WHAT YOU WILL DO:
From the first line to the last, give the material again exactly, without the images.
[[ EXERCISE DATA open ]]
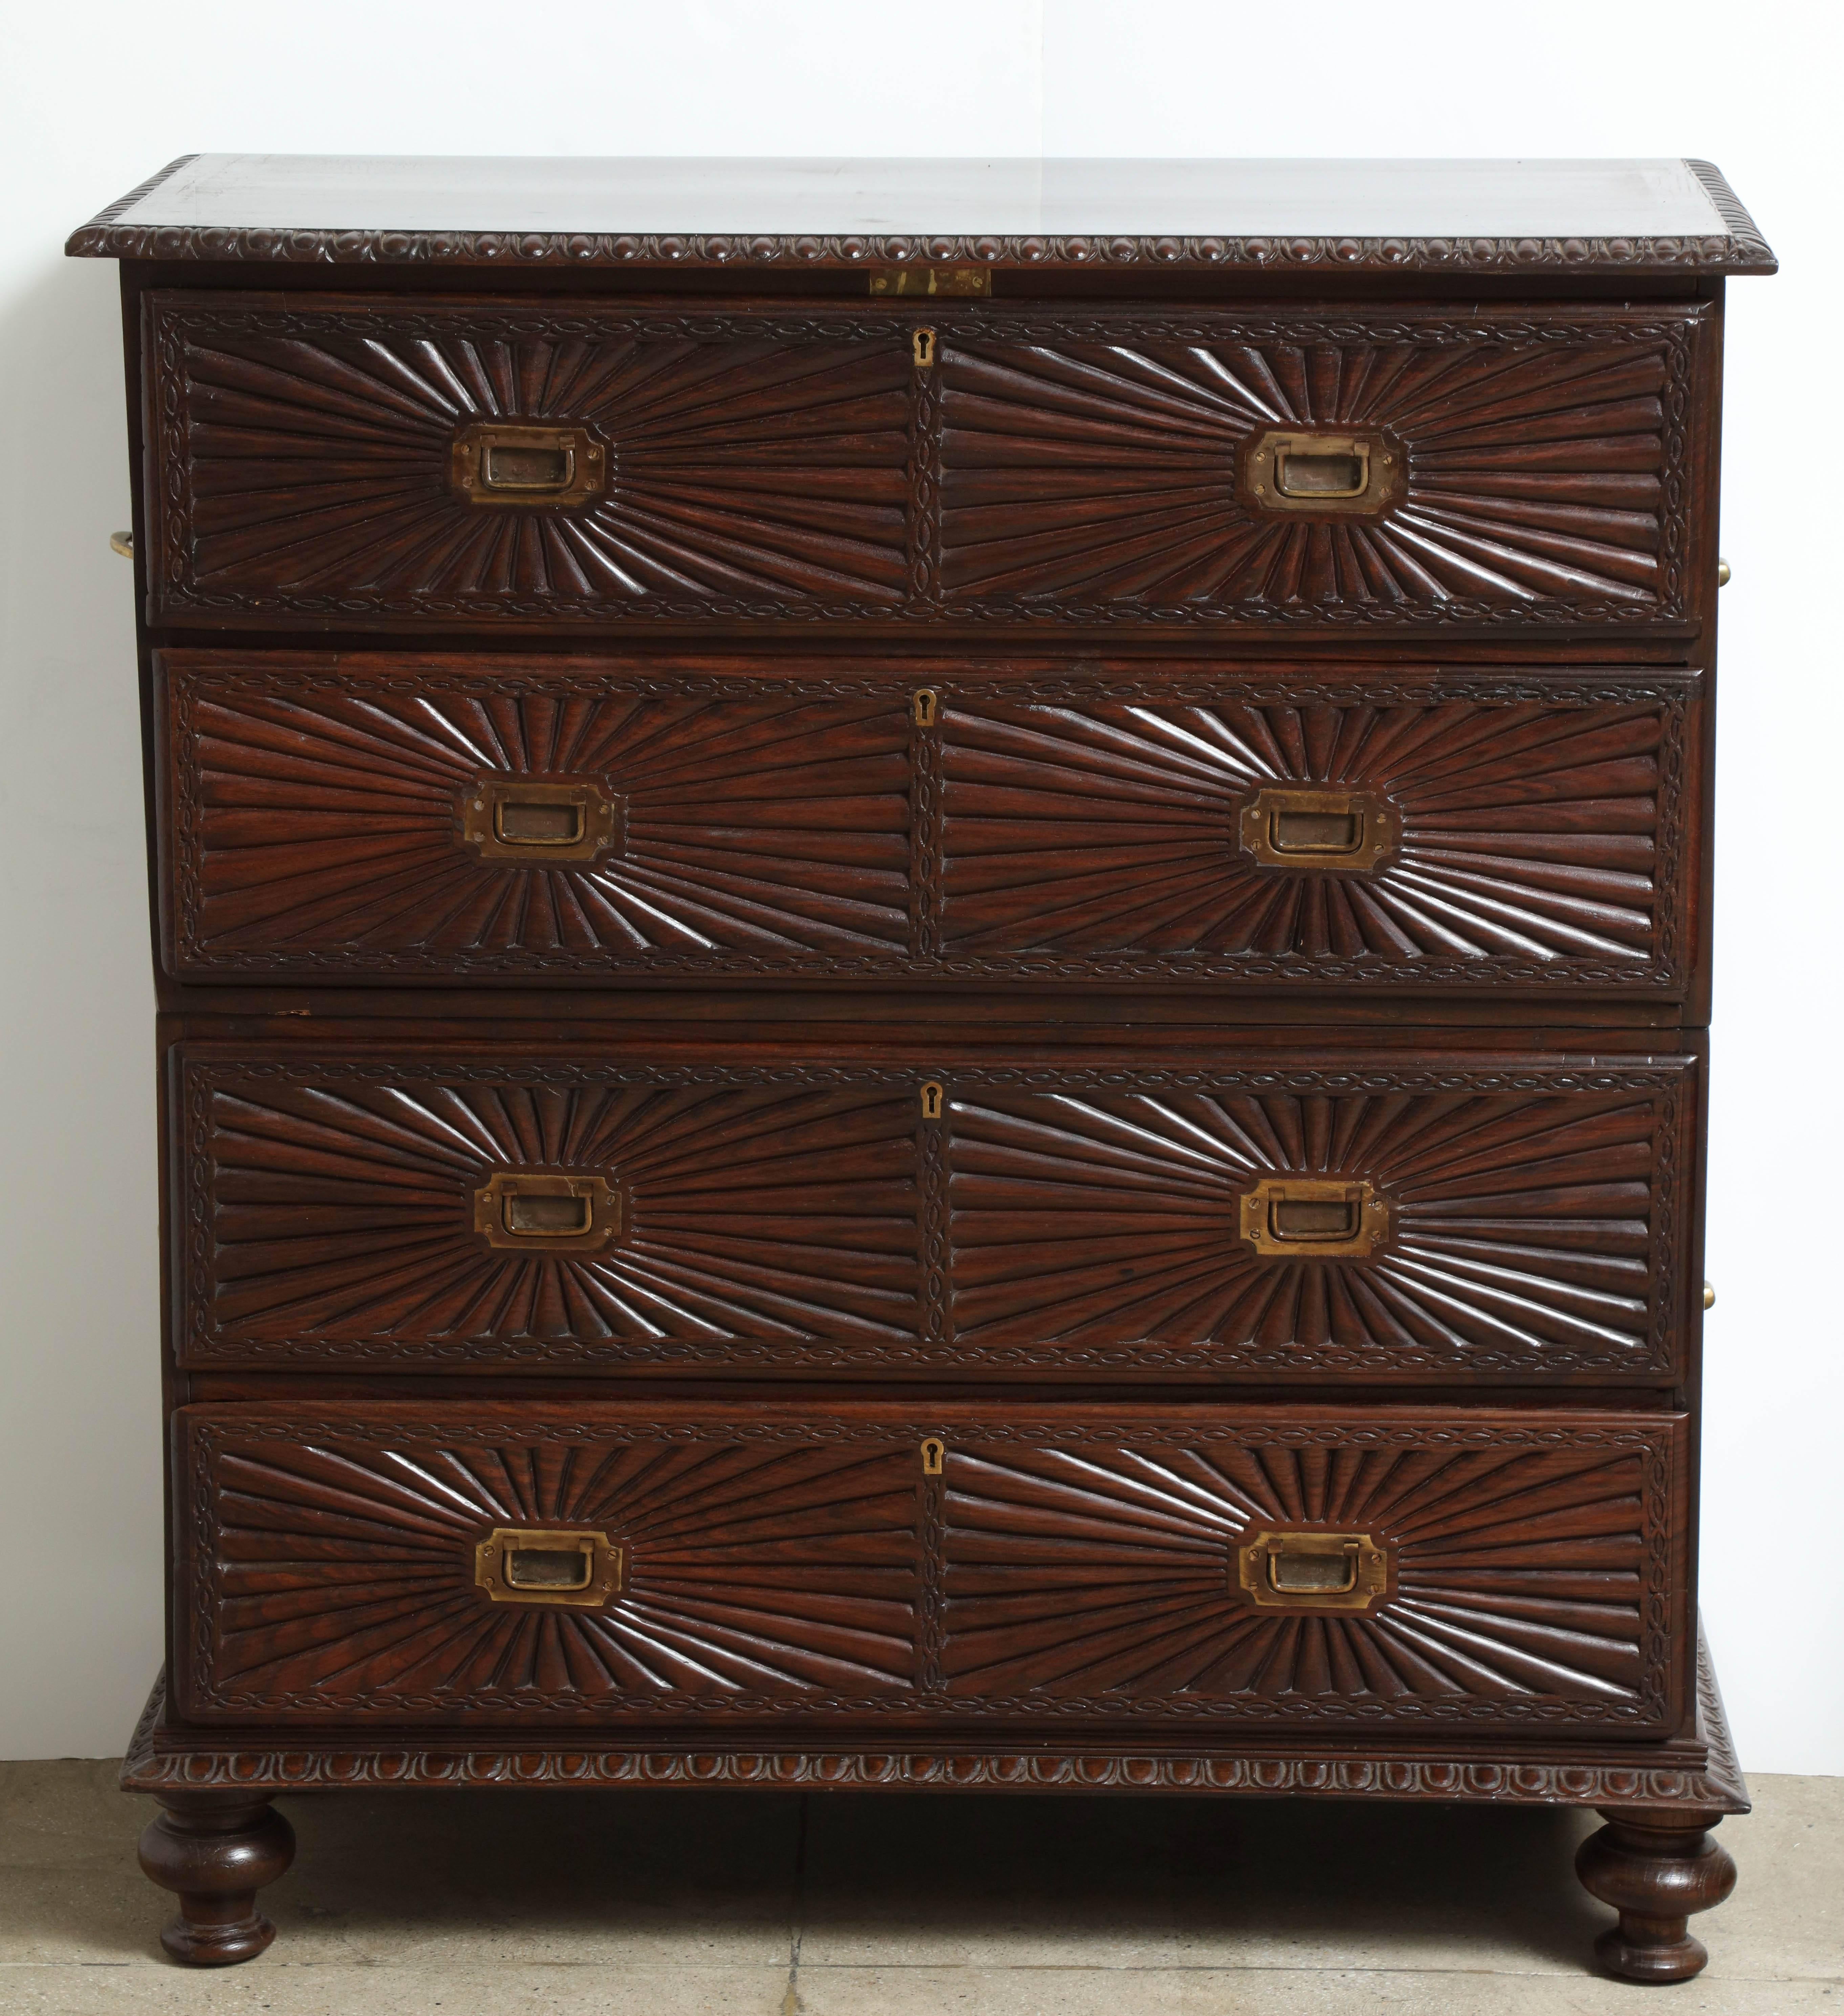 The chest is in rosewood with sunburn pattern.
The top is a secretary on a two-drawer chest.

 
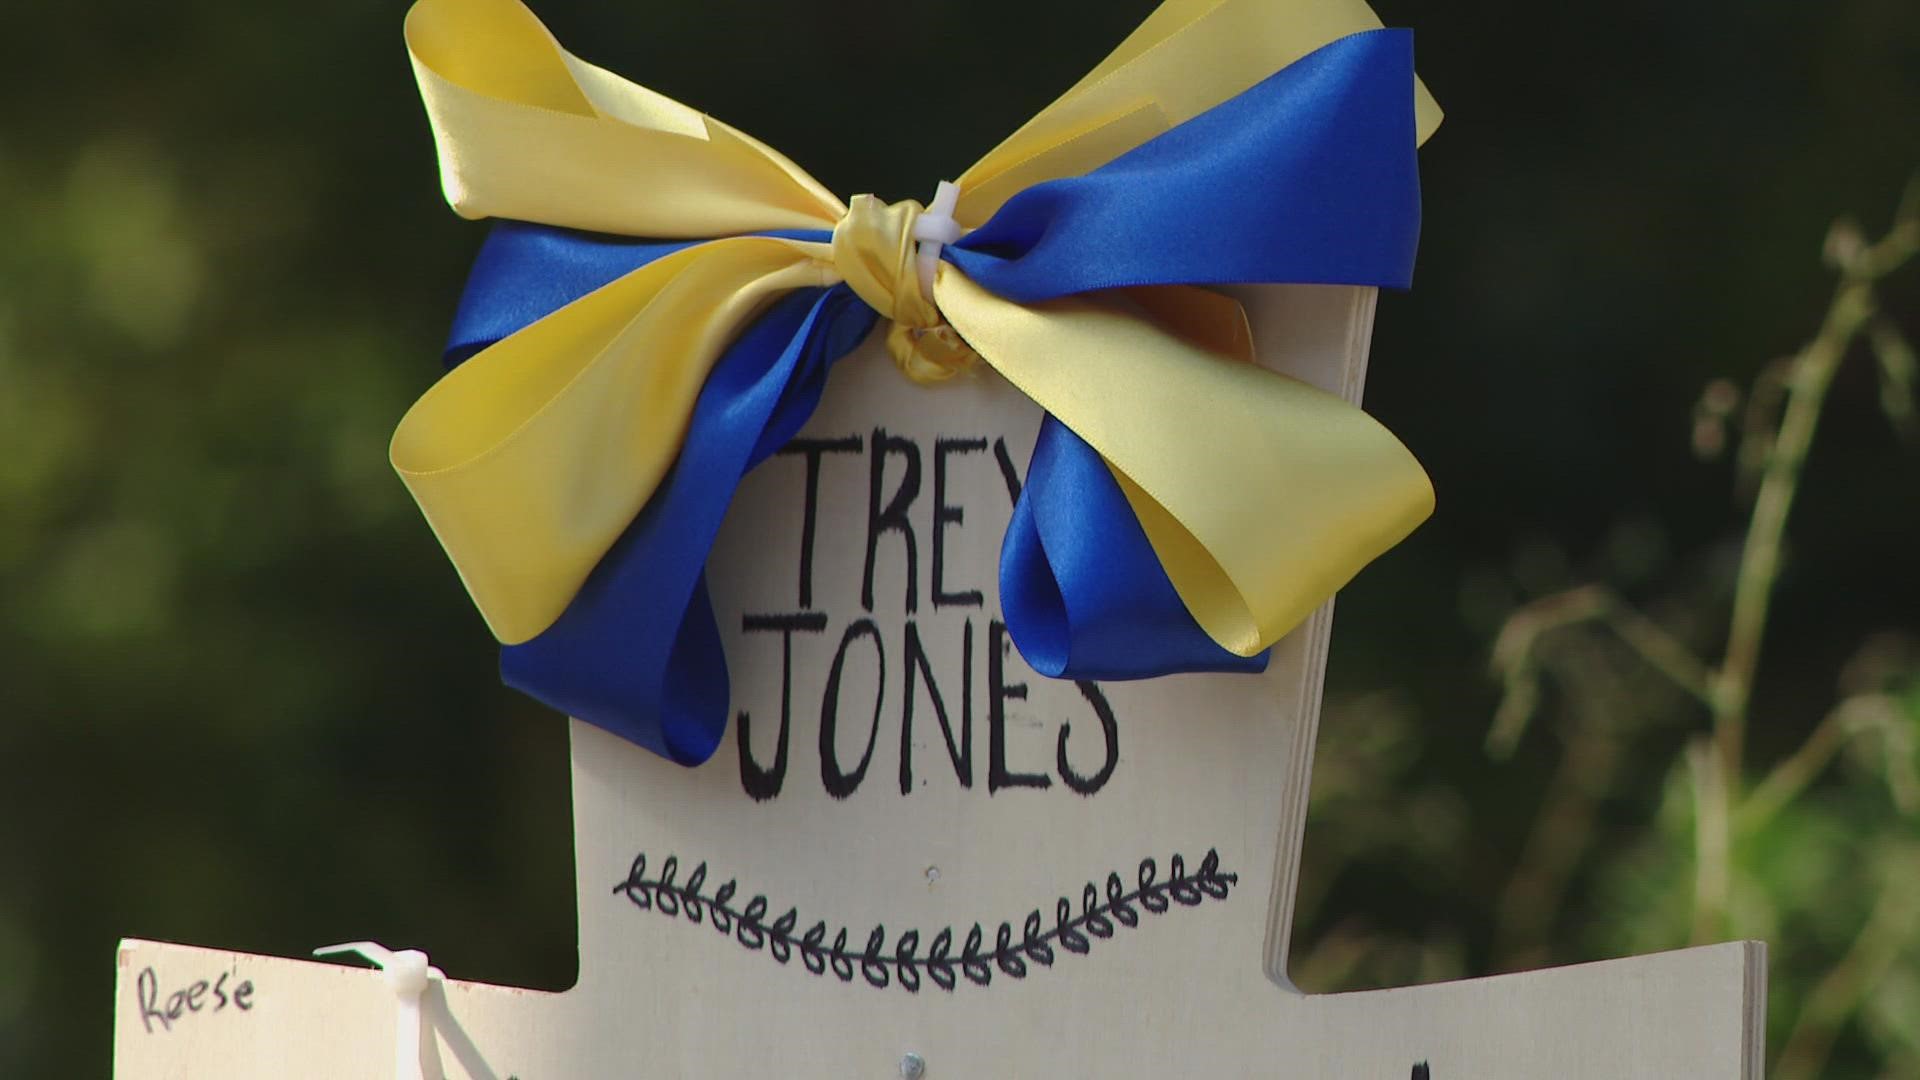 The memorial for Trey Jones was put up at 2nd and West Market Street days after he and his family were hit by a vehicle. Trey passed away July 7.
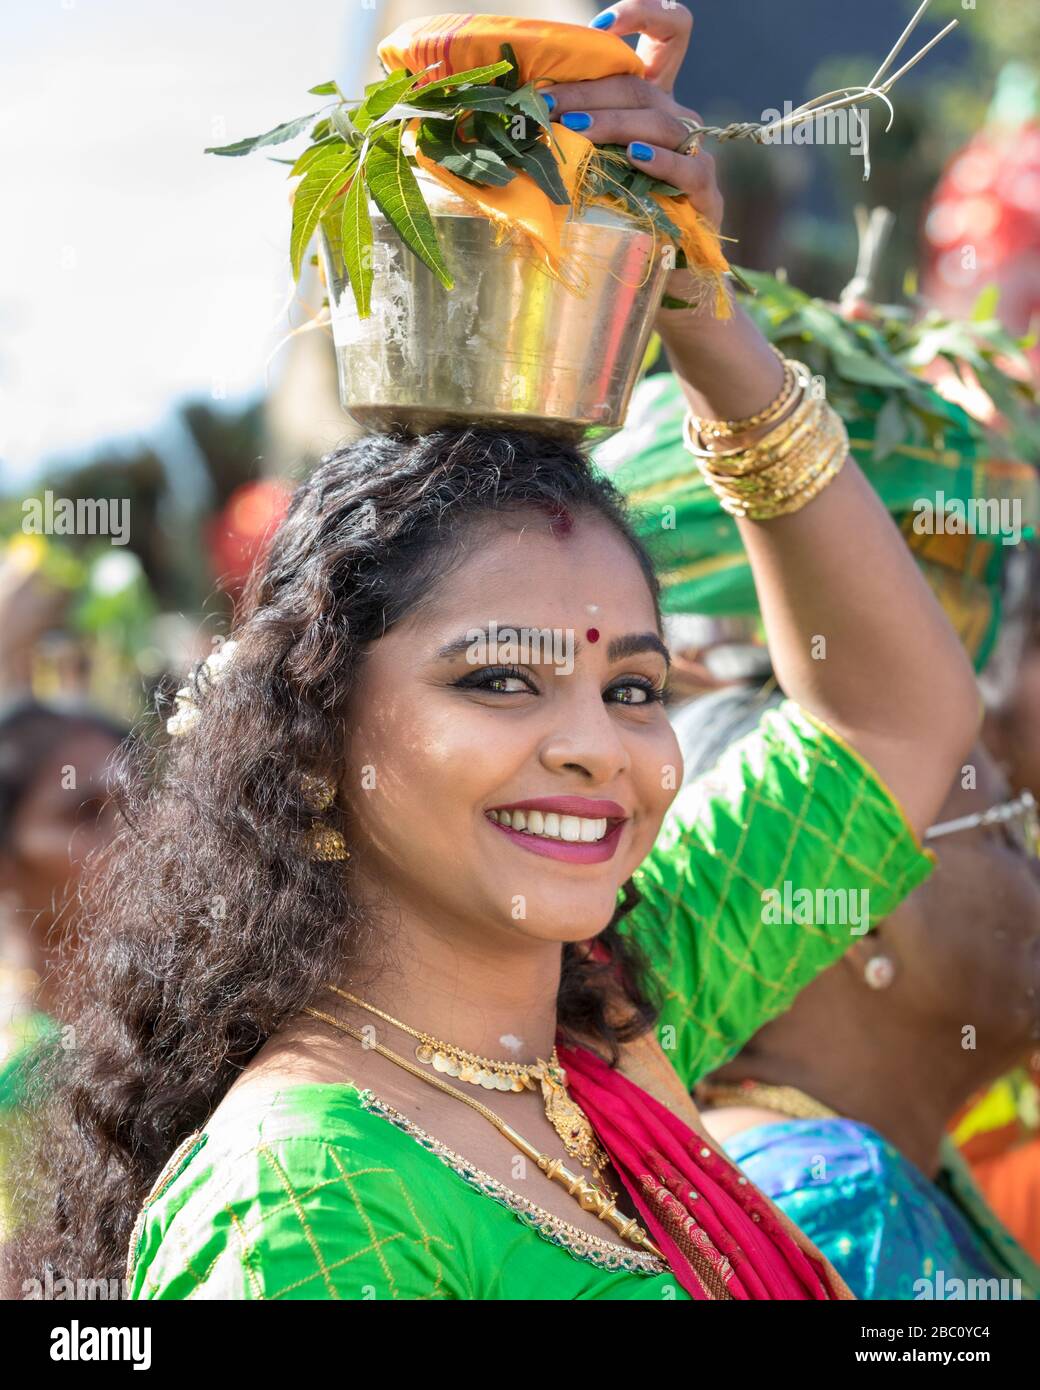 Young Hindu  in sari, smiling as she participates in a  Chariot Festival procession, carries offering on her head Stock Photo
[[ EXERCISE DATA closed ]]
SOLUTION BELOW:
 The chest is in rosewood with sunburn pattern.
The top is a secretary on a two-drawer chest.

 
 The memorial for Trey Jones was put up at 2nd and West Market Street days after he and his family were hit by a vehicle. Trey passed away July 7.
 Young Hindu  in sari, smiling as she participates in a  Chariot Festival procession, carries offering on her head Stock Photo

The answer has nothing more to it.